Telegram is the right first channel for this kind of setup. No webhooks to configure, no servers to expose, long polling works out of the box. You create a bot through @BotFather, get the token, and add it to the config. Simple.

For a single-user personal assistant, I went with dmPolicy: "allowlist" and pre-authorized my numeric Telegram user ID directly rather than going through the pairing flow. If your bot is only ever going to talk to one person, just say so and skip the ceremony.

One thing worth knowing: OpenClaw’s Telegram configuration lives under channels.telegram in the config, not under plugins. I saw a lot of posts online that had it in the wrong place, which produces a confusing “plugin not found” error. Trust the official docs here.

First Contact (And an Unexpected Self-Repair)

After uploading the completed config and restarting the gateway, I sent the first message. My assistant responded. That was a good moment.

During the onboarding conversation, it set up six cron jobs on its own — a morning weather report, daily disk space alerts, resource usage reports, weekly backup reminders, weekly update checks, and a monthly security audit. I thought that was a pretty sensible set of choices for a self-maintaining agent.

About a day in, it went silent on Telegram. I pulled the logs and found it had been trying to deliver cron job reports to a group chat it had been briefly added to during setup and then removed from. The errors in the log were pretty clear:

telegram message failed: bot is not a member of the channel chat

Before I had a chance to diagnose and fix this myself, it had already handled it. It noticed the failing delivery targets in its own logs, updated all six cron jobs to deliver to my DM instead, and resumed normal operation. It then sent me a detailed message explaining exactly what it had done and why.

I’ll be honest — I did not expect that on day one. That’s the agentic capability that DeepSeek V3.2 brings. Not just answering questions, but watching its own state and fixing problems. For something that’s supposed to run without constant hand-holding, that’s exactly what you want to see.

Things I Would Do Differently

A few lessons from the experience, in case you’re thinking about doing something similar:

Skip Azure Bastion from the start. The official Microsoft guide recommends it, but $140/month is completely unnecessary for a personal project.
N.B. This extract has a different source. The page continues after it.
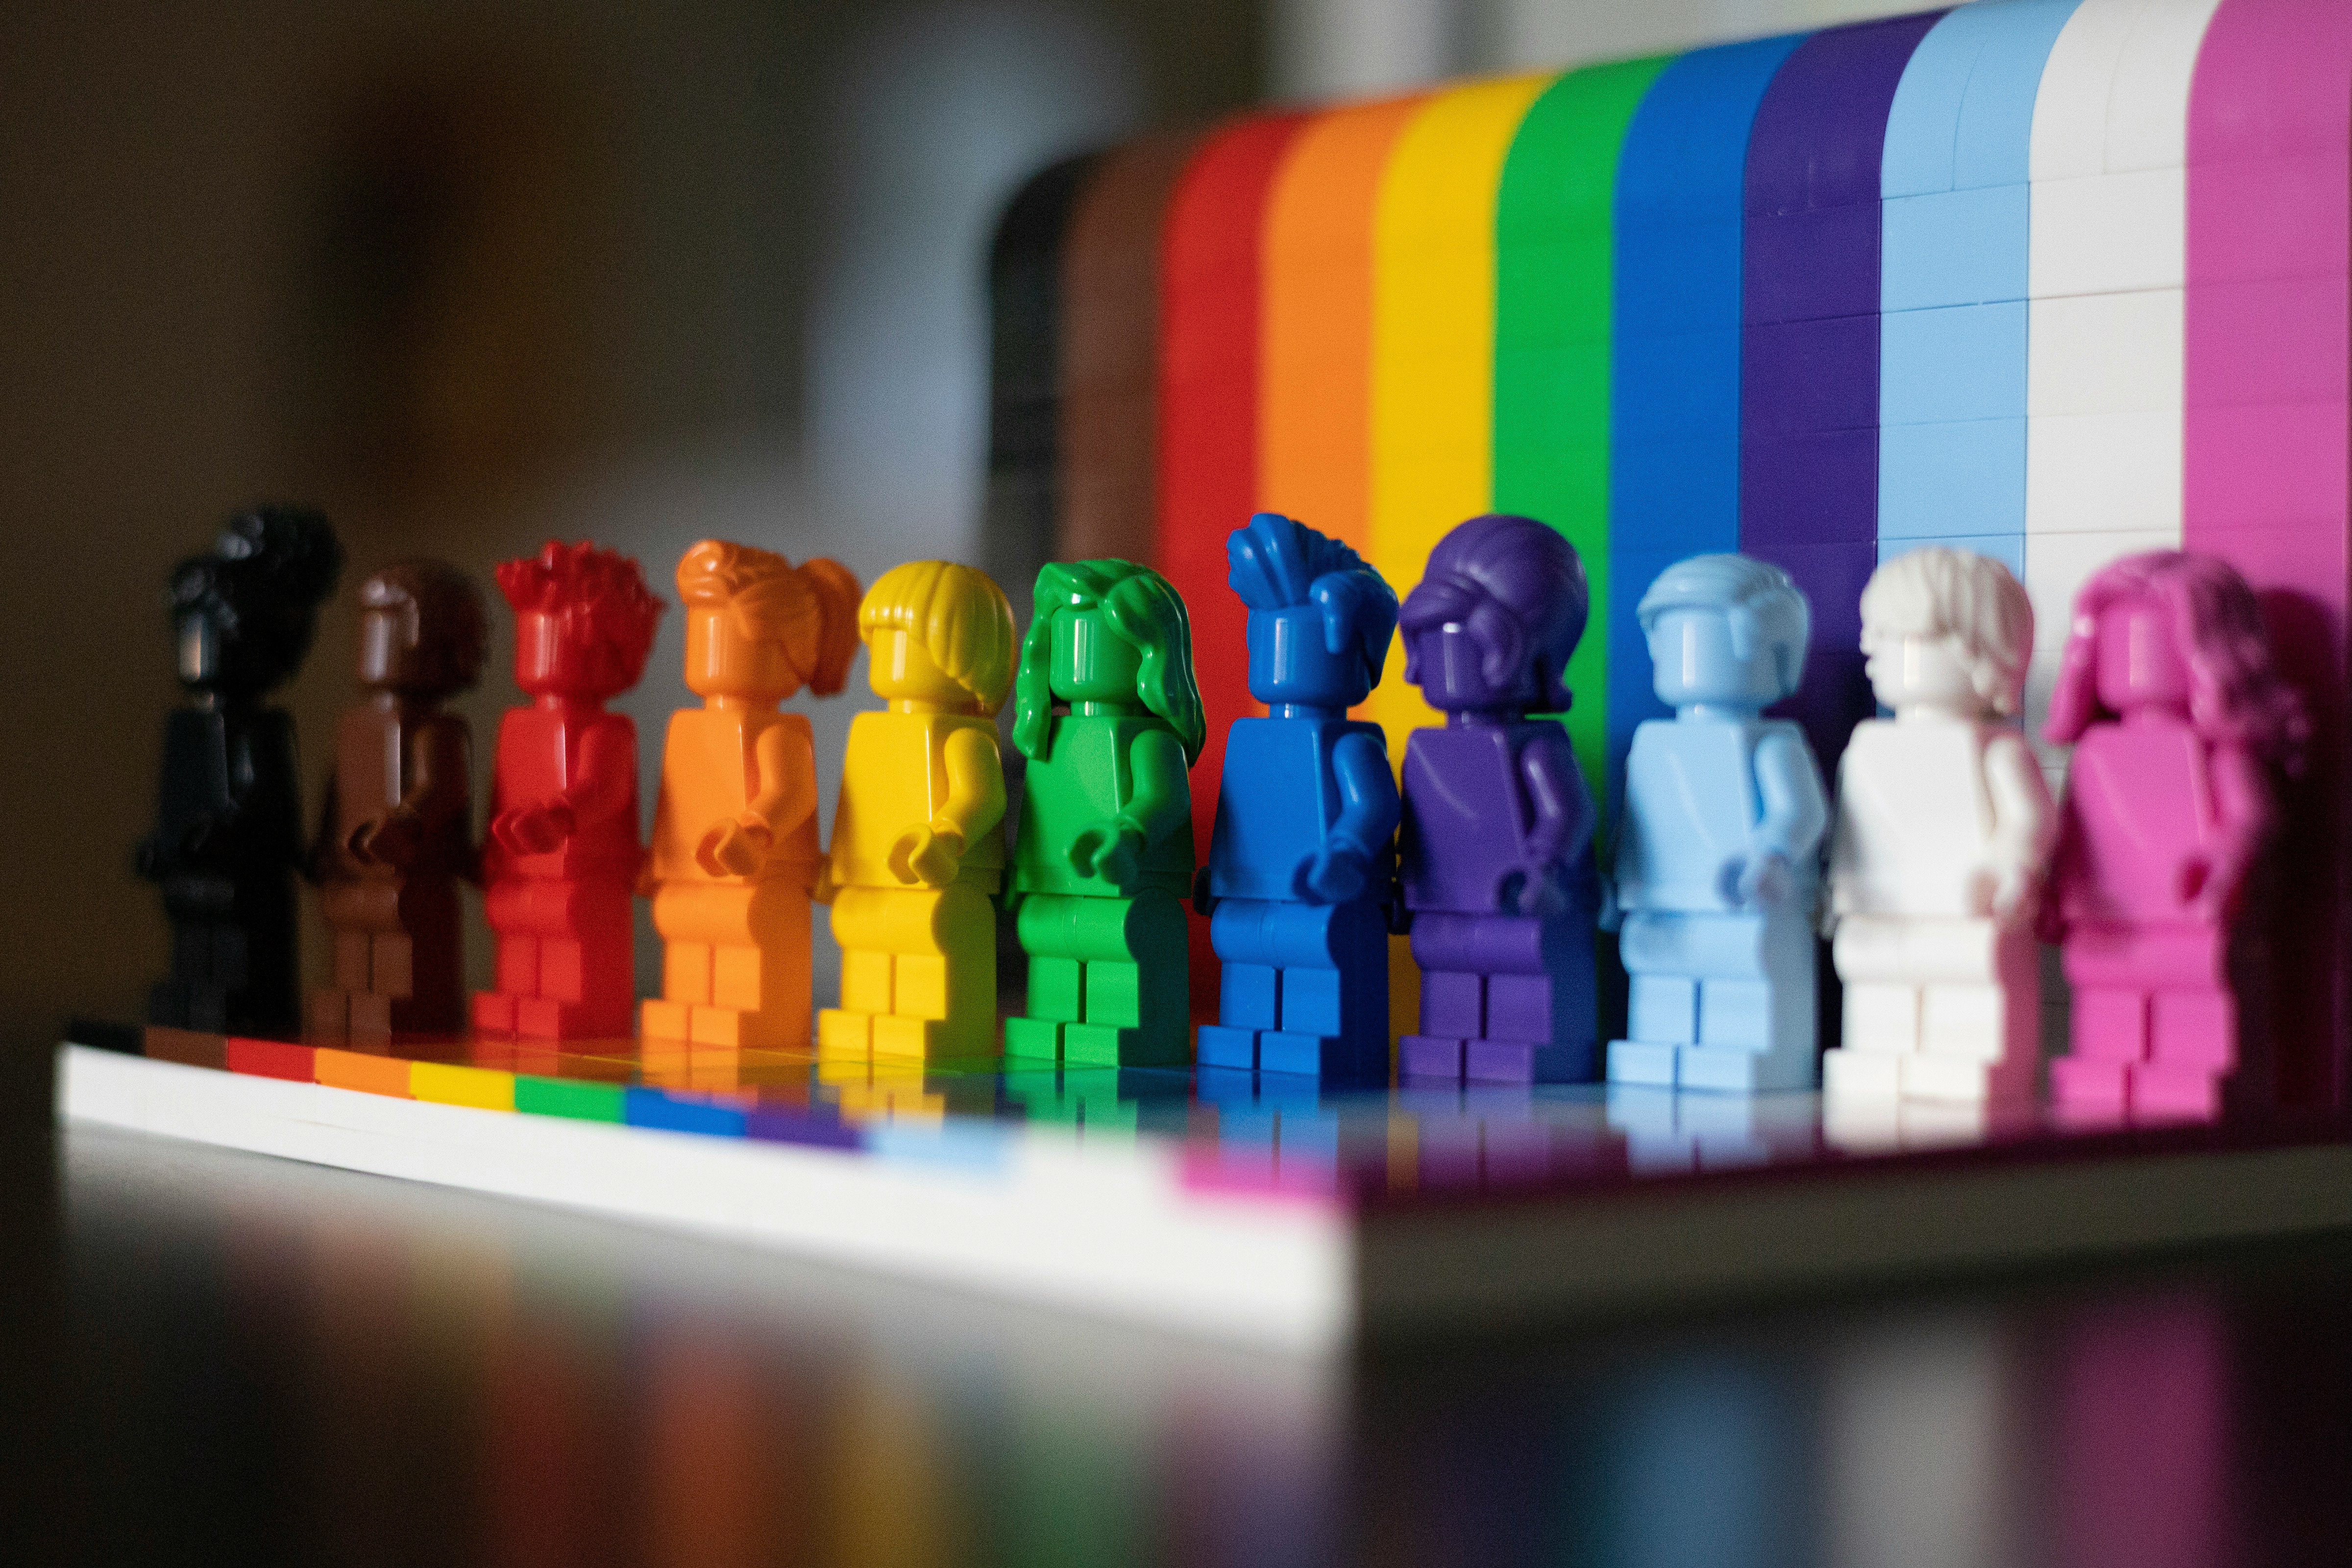 Colourful lego people representing the LGBT+ community

An IP-locked NSG rule gets you the same security outcome for free.

Write your config locally and scp it to the VM. I wasted time trying to edit JSON in nano on the VM. Writing the file on your local machine and uploading it is cleaner and avoids the kind of formatting errors that produce cryptic JSON parse failures.
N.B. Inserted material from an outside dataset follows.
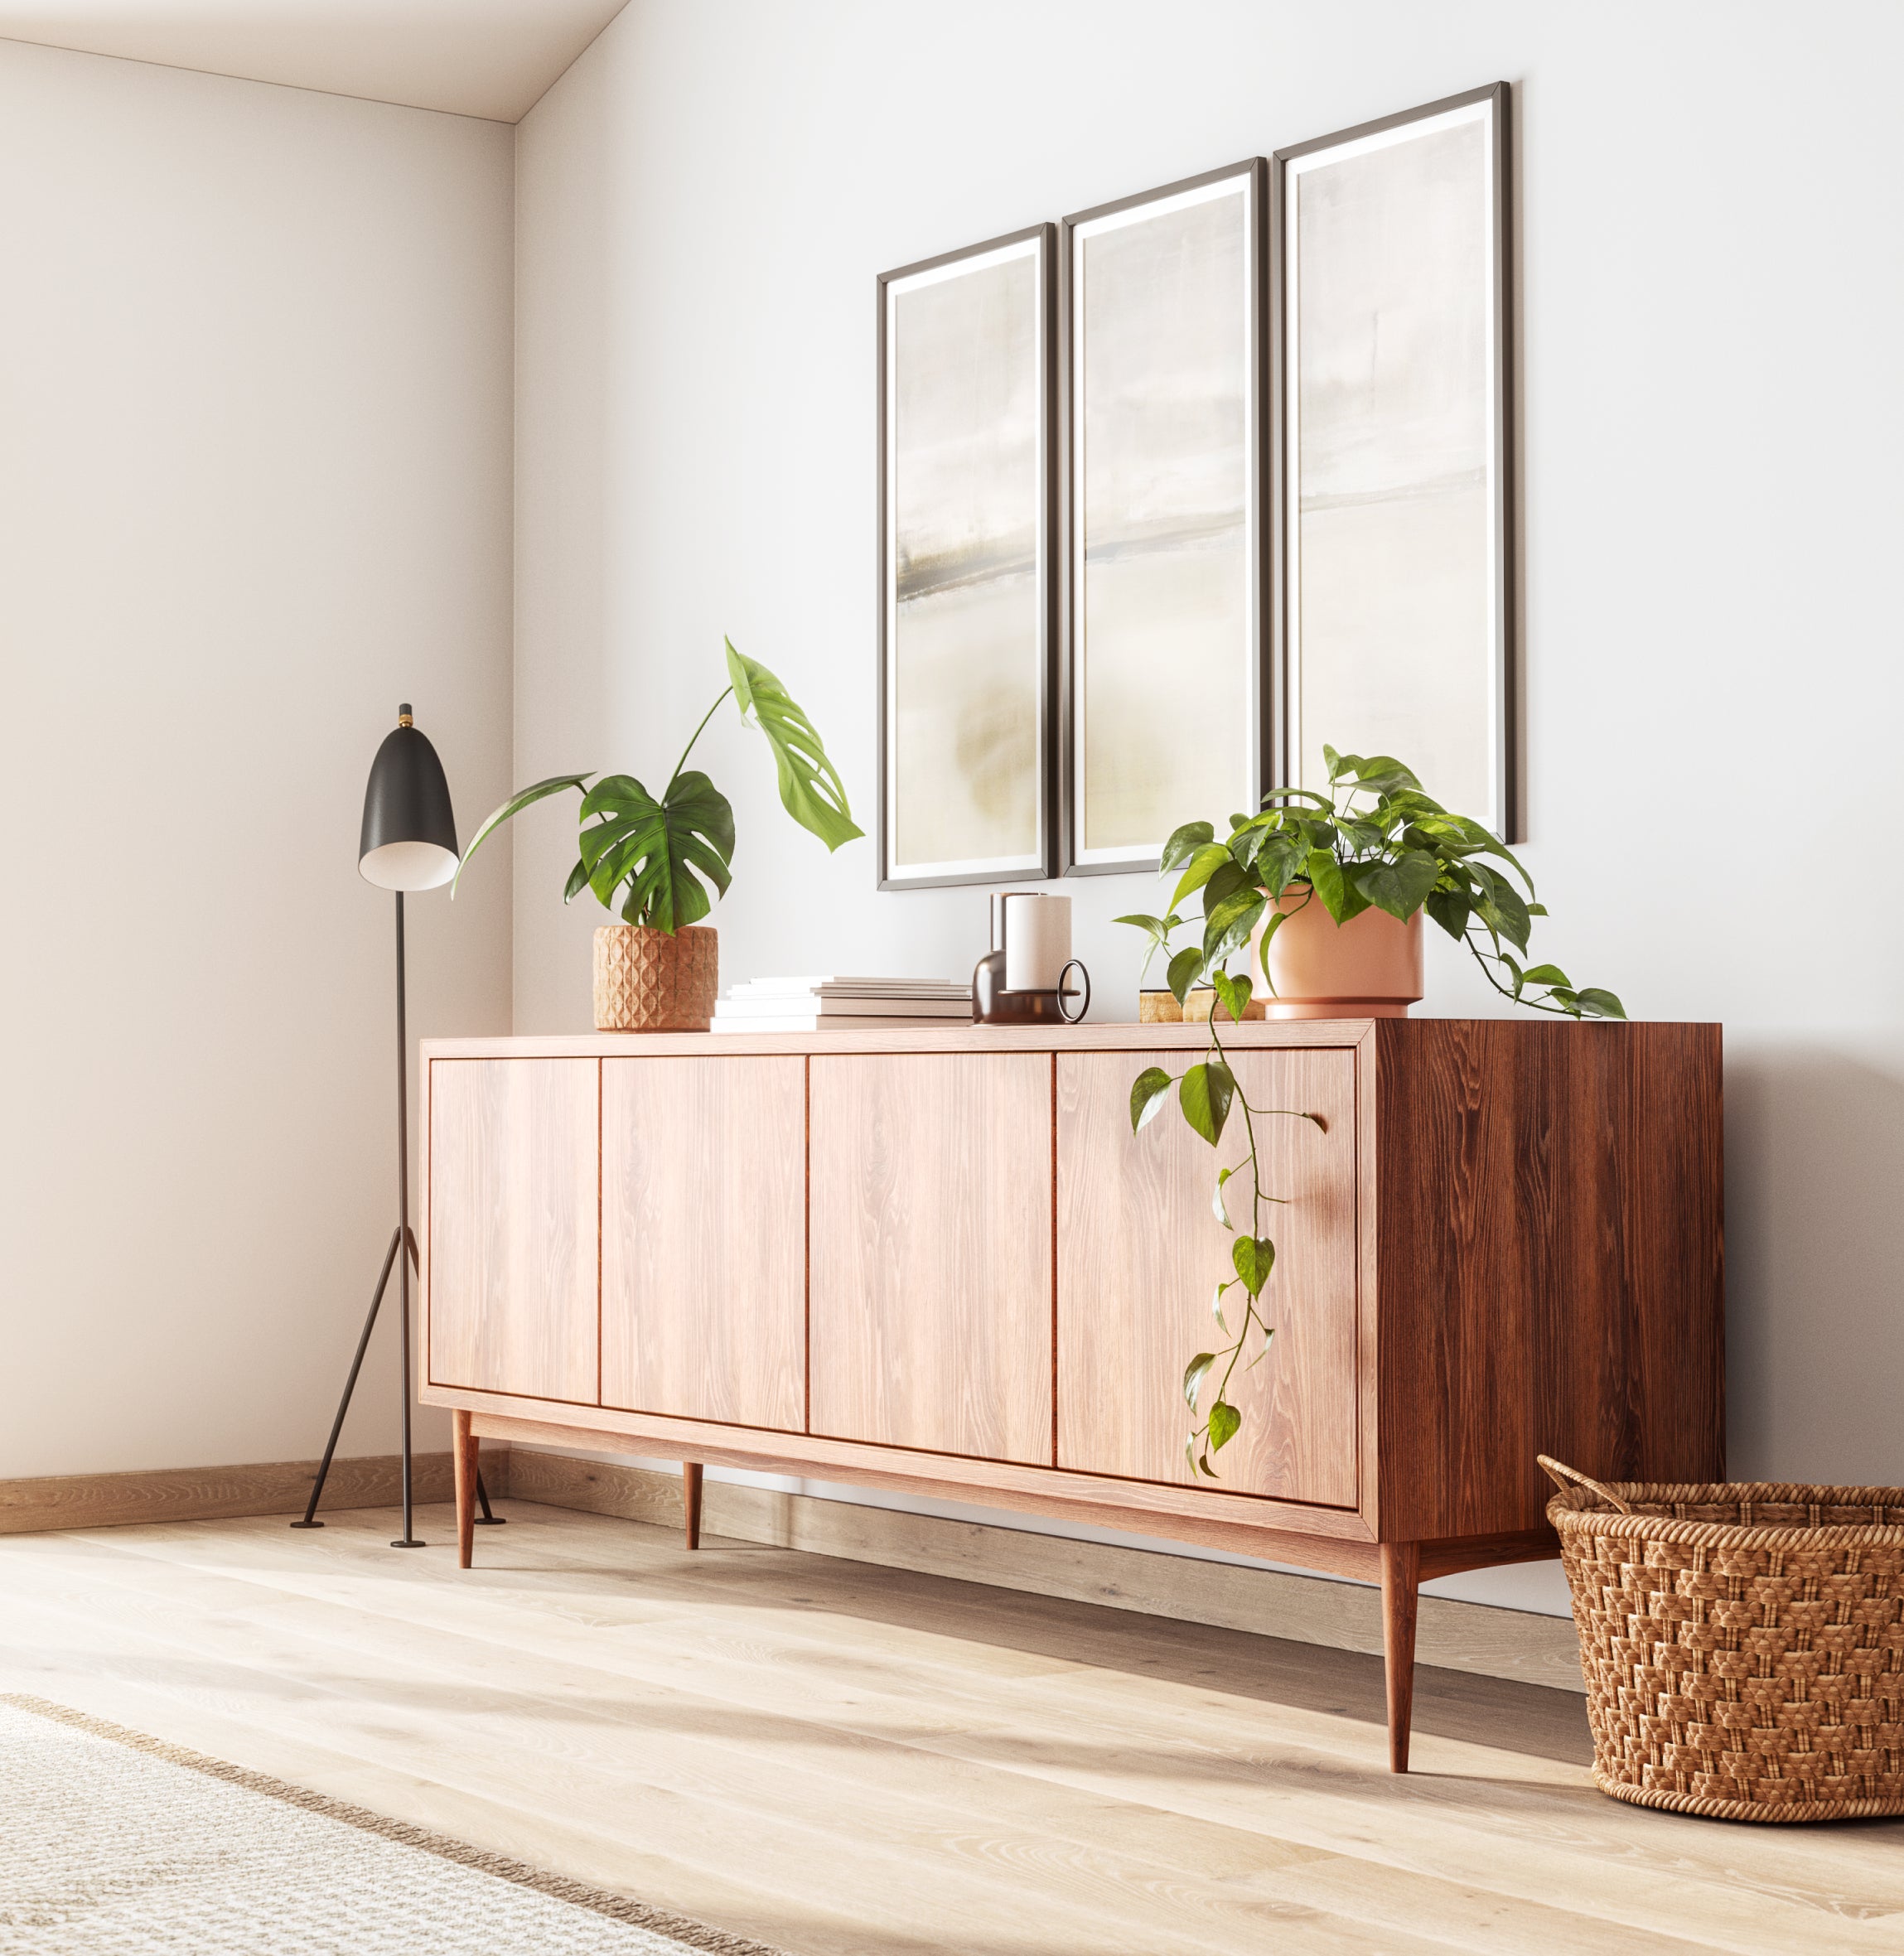 Emilia 4-door credenza in walnut with plants and baskets

Get gateway.mode local into the systemd drop-in on day one. That single missing config value was responsible for most of the gateway startup failures I hit.

Set groupPolicy disabled immediately if you’re running a single-user bot. If it’s never meant to be in a group, say so in the config from the beginning.

Where Things Stand

My assistant is running cleanly on OpenClaw 2026.3.24 with DeepSeek V3.2 via Azure AI Foundry. It’s accessible over Telegram, running six scheduled cron jobs, and I have an SSH shortcut set up on my Linux desktop for quick access when I need it. All credentials are stored in Azure Key Vault. Total monthly cost is around $16–17 including the VM, inference, and Key Vault.

For an always-on personal AI assistant running on infrastructure I fully control, that feels like a pretty good deal. If you’ve been thinking about building something similar, the combination of OpenClaw, Azure AI Foundry, and DeepSeek V3.2 is a solid stack. There are more moving parts than a hosted service, but the afternoon you spend standing it up is worth it.